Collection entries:
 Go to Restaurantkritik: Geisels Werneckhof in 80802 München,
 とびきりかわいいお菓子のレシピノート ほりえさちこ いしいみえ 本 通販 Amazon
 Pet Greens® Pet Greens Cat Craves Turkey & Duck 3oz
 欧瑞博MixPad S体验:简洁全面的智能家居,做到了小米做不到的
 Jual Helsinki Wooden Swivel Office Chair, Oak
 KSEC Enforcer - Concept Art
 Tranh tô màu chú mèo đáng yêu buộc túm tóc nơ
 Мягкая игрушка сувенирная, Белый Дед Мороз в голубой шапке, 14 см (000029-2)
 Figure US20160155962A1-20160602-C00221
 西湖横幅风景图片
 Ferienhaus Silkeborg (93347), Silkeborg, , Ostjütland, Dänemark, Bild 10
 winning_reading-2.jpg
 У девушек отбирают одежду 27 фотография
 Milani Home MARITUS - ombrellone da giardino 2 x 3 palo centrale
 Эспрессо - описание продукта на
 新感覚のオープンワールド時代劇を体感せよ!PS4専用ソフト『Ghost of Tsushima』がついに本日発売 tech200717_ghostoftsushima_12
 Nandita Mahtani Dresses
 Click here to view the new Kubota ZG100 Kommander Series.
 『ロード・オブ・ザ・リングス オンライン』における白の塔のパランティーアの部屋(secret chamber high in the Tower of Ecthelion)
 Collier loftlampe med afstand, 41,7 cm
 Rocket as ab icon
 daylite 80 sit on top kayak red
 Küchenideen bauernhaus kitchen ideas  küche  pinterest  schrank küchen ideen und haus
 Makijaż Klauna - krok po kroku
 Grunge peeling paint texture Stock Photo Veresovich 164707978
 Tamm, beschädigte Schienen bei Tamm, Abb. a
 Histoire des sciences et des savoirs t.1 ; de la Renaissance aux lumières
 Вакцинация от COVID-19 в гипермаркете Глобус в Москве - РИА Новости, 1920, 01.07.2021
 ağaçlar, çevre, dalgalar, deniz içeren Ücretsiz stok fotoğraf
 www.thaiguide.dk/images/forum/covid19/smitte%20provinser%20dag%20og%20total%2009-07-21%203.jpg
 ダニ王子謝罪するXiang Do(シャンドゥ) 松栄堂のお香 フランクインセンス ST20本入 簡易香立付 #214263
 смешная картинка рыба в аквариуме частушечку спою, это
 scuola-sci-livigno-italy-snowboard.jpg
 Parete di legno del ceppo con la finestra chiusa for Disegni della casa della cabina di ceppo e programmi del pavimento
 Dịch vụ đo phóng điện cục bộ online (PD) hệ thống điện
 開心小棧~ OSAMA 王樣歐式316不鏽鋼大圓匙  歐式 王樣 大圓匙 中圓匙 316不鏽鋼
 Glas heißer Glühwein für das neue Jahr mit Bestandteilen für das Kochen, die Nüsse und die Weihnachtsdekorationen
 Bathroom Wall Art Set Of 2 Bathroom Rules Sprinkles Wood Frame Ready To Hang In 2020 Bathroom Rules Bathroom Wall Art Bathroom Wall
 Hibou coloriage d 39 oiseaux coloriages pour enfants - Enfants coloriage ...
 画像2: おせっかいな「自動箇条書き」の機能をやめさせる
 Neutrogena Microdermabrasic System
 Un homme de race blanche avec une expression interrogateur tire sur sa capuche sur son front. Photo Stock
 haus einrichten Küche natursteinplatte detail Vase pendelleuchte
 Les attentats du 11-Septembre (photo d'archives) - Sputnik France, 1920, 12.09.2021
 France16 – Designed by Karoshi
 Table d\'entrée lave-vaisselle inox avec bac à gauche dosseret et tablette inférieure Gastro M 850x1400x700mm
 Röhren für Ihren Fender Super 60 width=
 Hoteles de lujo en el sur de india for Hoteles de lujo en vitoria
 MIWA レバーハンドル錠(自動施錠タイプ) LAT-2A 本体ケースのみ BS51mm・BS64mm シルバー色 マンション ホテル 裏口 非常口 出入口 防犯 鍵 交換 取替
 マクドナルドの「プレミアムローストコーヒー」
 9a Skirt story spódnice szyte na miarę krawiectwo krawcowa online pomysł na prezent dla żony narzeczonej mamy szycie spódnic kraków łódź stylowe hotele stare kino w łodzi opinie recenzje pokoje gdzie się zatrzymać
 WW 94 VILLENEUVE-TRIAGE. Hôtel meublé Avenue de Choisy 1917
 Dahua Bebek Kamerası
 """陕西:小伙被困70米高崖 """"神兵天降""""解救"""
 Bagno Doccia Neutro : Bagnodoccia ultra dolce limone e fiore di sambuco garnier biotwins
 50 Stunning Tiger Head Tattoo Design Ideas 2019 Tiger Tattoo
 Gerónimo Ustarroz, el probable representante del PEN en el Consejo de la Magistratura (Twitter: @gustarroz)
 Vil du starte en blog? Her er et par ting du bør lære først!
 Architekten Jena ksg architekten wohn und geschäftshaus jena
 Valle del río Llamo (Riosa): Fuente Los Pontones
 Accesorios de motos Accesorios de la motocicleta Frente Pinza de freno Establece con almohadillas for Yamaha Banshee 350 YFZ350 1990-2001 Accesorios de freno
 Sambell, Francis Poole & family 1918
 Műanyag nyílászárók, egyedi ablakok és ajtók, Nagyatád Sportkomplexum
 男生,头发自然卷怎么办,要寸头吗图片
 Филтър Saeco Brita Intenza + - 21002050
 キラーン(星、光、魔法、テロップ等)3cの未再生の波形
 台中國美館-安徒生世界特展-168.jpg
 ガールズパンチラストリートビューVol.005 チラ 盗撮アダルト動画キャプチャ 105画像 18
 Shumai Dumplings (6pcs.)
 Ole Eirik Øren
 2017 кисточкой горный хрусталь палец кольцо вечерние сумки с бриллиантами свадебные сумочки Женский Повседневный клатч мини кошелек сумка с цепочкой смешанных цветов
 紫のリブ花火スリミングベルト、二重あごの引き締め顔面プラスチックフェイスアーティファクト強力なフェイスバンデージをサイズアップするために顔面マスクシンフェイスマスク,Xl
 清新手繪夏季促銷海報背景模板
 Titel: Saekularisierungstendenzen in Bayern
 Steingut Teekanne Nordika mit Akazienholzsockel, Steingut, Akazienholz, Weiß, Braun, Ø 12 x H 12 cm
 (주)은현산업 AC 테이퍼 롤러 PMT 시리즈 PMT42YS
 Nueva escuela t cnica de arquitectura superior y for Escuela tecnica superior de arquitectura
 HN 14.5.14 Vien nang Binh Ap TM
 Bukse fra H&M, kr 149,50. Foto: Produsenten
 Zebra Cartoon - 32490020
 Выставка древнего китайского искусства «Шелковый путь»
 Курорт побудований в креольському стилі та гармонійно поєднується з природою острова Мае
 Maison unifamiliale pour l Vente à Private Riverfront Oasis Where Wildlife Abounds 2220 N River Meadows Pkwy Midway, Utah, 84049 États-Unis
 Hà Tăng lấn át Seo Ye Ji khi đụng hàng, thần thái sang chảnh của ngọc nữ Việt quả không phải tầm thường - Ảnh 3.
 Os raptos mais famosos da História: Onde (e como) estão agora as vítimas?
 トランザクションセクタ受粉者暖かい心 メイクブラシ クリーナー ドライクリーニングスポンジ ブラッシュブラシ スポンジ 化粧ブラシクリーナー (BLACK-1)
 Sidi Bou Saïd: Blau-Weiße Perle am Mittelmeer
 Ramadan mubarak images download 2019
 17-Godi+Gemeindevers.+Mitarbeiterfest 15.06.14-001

Goal of the exercise
Would you repeat the records above without any changes?

Response to this task
 Go to Restaurantkritik: Geisels Werneckhof in 80802 München,
 とびきりかわいいお菓子のレシピノート ほりえさちこ いしいみえ 本 通販 Amazon
 Pet Greens® Pet Greens Cat Craves Turkey & Duck 3oz
 欧瑞博MixPad S体验:简洁全面的智能家居,做到了小米做不到的
 Jual Helsinki Wooden Swivel Office Chair, Oak
 KSEC Enforcer - Concept Art
 Tranh tô màu chú mèo đáng yêu buộc túm tóc nơ
 Мягкая игрушка сувенирная, Белый Дед Мороз в голубой шапке, 14 см (000029-2)
 Figure US20160155962A1-20160602-C00221
 西湖横幅风景图片
 Ferienhaus Silkeborg (93347), Silkeborg, , Ostjütland, Dänemark, Bild 10
 winning_reading-2.jpg
 У девушек отбирают одежду 27 фотография
 Milani Home MARITUS - ombrellone da giardino 2 x 3 palo centrale
 Эспрессо - описание продукта на
 新感覚のオープンワールド時代劇を体感せよ!PS4専用ソフト『Ghost of Tsushima』がついに本日発売 tech200717_ghostoftsushima_12
 Nandita Mahtani Dresses
 Click here to view the new Kubota ZG100 Kommander Series.
 『ロード・オブ・ザ・リングス オンライン』における白の塔のパランティーアの部屋(secret chamber high in the Tower of Ecthelion)
 Collier loftlampe med afstand, 41,7 cm
 Rocket as ab icon
 daylite 80 sit on top kayak red
 Küchenideen bauernhaus kitchen ideas  küche  pinterest  schrank küchen ideen und haus
 Makijaż Klauna - krok po kroku
 Grunge peeling paint texture Stock Photo Veresovich 164707978
 Tamm, beschädigte Schienen bei Tamm, Abb. a
 Histoire des sciences et des savoirs t.1 ; de la Renaissance aux lumières
 Вакцинация от COVID-19 в гипермаркете Глобус в Москве - РИА Новости, 1920, 01.07.2021
 ağaçlar, çevre, dalgalar, deniz içeren Ücretsiz stok fotoğraf
 www.thaiguide.dk/images/forum/covid19/smitte%20provinser%20dag%20og%20total%2009-07-21%203.jpg
 ダニ王子謝罪するXiang Do(シャンドゥ) 松栄堂のお香 フランクインセンス ST20本入 簡易香立付 #214263
 смешная картинка рыба в аквариуме частушечку спою, это
 scuola-sci-livigno-italy-snowboard.jpg
 Parete di legno del ceppo con la finestra chiusa for Disegni della casa della cabina di ceppo e programmi del pavimento
 Dịch vụ đo phóng điện cục bộ online (PD) hệ thống điện
 開心小棧~ OSAMA 王樣歐式316不鏽鋼大圓匙  歐式 王樣 大圓匙 中圓匙 316不鏽鋼
 Glas heißer Glühwein für das neue Jahr mit Bestandteilen für das Kochen, die Nüsse und die Weihnachtsdekorationen
 Bathroom Wall Art Set Of 2 Bathroom Rules Sprinkles Wood Frame Ready To Hang In 2020 Bathroom Rules Bathroom Wall Art Bathroom Wall
 Hibou coloriage d 39 oiseaux coloriages pour enfants - Enfants coloriage ...
 画像2: おせっかいな「自動箇条書き」の機能をやめさせる
 Neutrogena Microdermabrasic System
 Un homme de race blanche avec une expression interrogateur tire sur sa capuche sur son front. Photo Stock
 haus einrichten Küche natursteinplatte detail Vase pendelleuchte
 Les attentats du 11-Septembre (photo d'archives) - Sputnik France, 1920, 12.09.2021
 France16 – Designed by Karoshi
 Table d\'entrée lave-vaisselle inox avec bac à gauche dosseret et tablette inférieure Gastro M 850x1400x700mm
 Röhren für Ihren Fender Super 60 width=
 Hoteles de lujo en el sur de india for Hoteles de lujo en vitoria
 MIWA レバーハンドル錠(自動施錠タイプ) LAT-2A 本体ケースのみ BS51mm・BS64mm シルバー色 マンション ホテル 裏口 非常口 出入口 防犯 鍵 交換 取替
 マクドナルドの「プレミアムローストコーヒー」
 9a Skirt story spódnice szyte na miarę krawiectwo krawcowa online pomysł na prezent dla żony narzeczonej mamy szycie spódnic kraków łódź stylowe hotele stare kino w łodzi opinie recenzje pokoje gdzie się zatrzymać
 WW 94 VILLENEUVE-TRIAGE. Hôtel meublé Avenue de Choisy 1917
 Dahua Bebek Kamerası
 """陕西:小伙被困70米高崖 """"神兵天降""""解救"""
 Bagno Doccia Neutro : Bagnodoccia ultra dolce limone e fiore di sambuco garnier biotwins
 50 Stunning Tiger Head Tattoo Design Ideas 2019 Tiger Tattoo
 Gerónimo Ustarroz, el probable representante del PEN en el Consejo de la Magistratura (Twitter: @gustarroz)
 Vil du starte en blog? Her er et par ting du bør lære først!
 Architekten Jena ksg architekten wohn und geschäftshaus jena
 Valle del río Llamo (Riosa): Fuente Los Pontones
 Accesorios de motos Accesorios de la motocicleta Frente Pinza de freno Establece con almohadillas for Yamaha Banshee 350 YFZ350 1990-2001 Accesorios de freno
 Sambell, Francis Poole & family 1918
 Műanyag nyílászárók, egyedi ablakok és ajtók, Nagyatád Sportkomplexum
 男生,头发自然卷怎么办,要寸头吗图片
 Филтър Saeco Brita Intenza + - 21002050
 キラーン(星、光、魔法、テロップ等)3cの未再生の波形
 台中國美館-安徒生世界特展-168.jpg
 ガールズパンチラストリートビューVol.005 チラ 盗撮アダルト動画キャプチャ 105画像 18
 Shumai Dumplings (6pcs.)
 Ole Eirik Øren
 2017 кисточкой горный хрусталь палец кольцо вечерние сумки с бриллиантами свадебные сумочки Женский Повседневный клатч мини кошелек сумка с цепочкой смешанных цветов
 紫のリブ花火スリミングベルト、二重あごの引き締め顔面プラスチックフェイスアーティファクト強力なフェイスバンデージをサイズアップするために顔面マスクシンフェイスマスク,Xl
 清新手繪夏季促銷海報背景模板
 Titel: Saekularisierungstendenzen in Bayern
 Steingut Teekanne Nordika mit Akazienholzsockel, Steingut, Akazienholz, Weiß, Braun, Ø 12 x H 12 cm
 (주)은현산업 AC 테이퍼 롤러 PMT 시리즈 PMT42YS
 Nueva escuela t cnica de arquitectura superior y for Escuela tecnica superior de arquitectura
 HN 14.5.14 Vien nang Binh Ap TM
 Bukse fra H&M, kr 149,50. Foto: Produsenten
 Zebra Cartoon - 32490020
 Выставка древнего китайского искусства «Шелковый путь»
 Курорт побудований в креольському стилі та гармонійно поєднується з природою острова Мае
 Maison unifamiliale pour l Vente à Private Riverfront Oasis Where Wildlife Abounds 2220 N River Meadows Pkwy Midway, Utah, 84049 États-Unis
 Hà Tăng lấn át Seo Ye Ji khi đụng hàng, thần thái sang chảnh của ngọc nữ Việt quả không phải tầm thường - Ảnh 3.
 Os raptos mais famosos da História: Onde (e como) estão agora as vítimas?
 トランザクションセクタ受粉者暖かい心 メイクブラシ クリーナー ドライクリーニングスポンジ ブラッシュブラシ スポンジ 化粧ブラシクリーナー (BLACK-1)
 Sidi Bou Saïd: Blau-Weiße Perle am Mittelmeer
 Ramadan mubarak images download 2019
 17-Godi+Gemeindevers.+Mitarbeiterfest 15.06.14-001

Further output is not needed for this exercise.